Liquidity and Capital Resources
The accompanying unaudited interim financial statements have been prepared assuming the Company will continue as a going concern, which contemplates the realization of assets and satisfaction of liabilities and commitments in the normal course of business. At March 31, 2005, the Company had a deficit accumulated during the development stage of $132.4 million and recurring, negative cash flows from operations. The Company expects negative cash flow from operations to continue for at least the next two years, with the need to continue or expand development programs and to commercialize products once regulatory approvals have been obtained. These factors raise substantial doubt about the Companys ability to continue as a going concern.
On May 12, 2005 Cellegy raised $6.0 million in a private placement of its common stock, to existing and new institutional investors. Five current institutional shareholders and three directors participated in the financing. The transaction consisted of the sale of 3,621,819 shares of common stock at an offering price of $1.65 per share. (See Note 11).
Management is presently considering other financing and corporate options to fund its operations for the longer term.

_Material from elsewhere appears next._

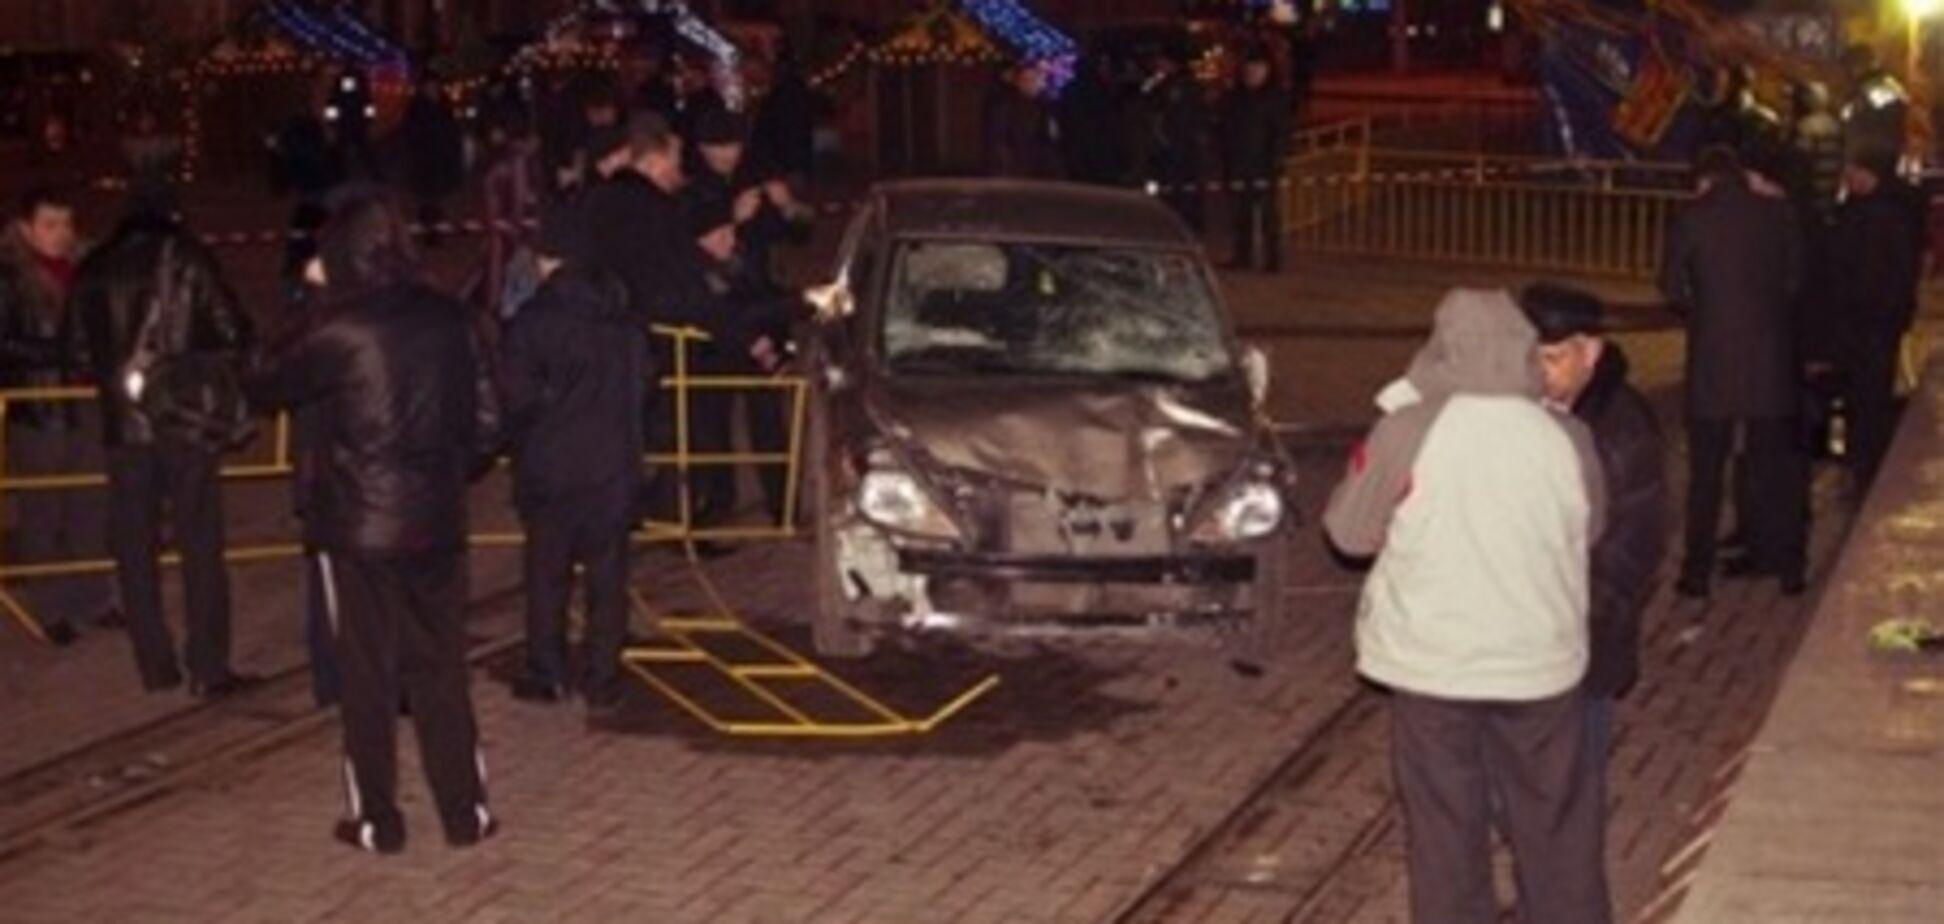 Трагедия на луганской елке: для виновника ДТП требуют смертной казни

These options include, but are not limited to: further Kingsbridge Capital Limited Structured Secondary Offering (SSO) draw downs, seeking partnerships with other pharmaceutical companies to co-develop and fund research and development efforts, pursue additional out-licensing arrangements with third parties, re-licensing and monetizing near term future milestone and royalty payments expected from existing licensees. In addition, the Company will continue to implement further cost reduction programs. There is no assurance that any of the above options will be implemented on a timely basis. Alternatively, Cellegy may be required to accept less than favorable commercial terms in any such future arrangements.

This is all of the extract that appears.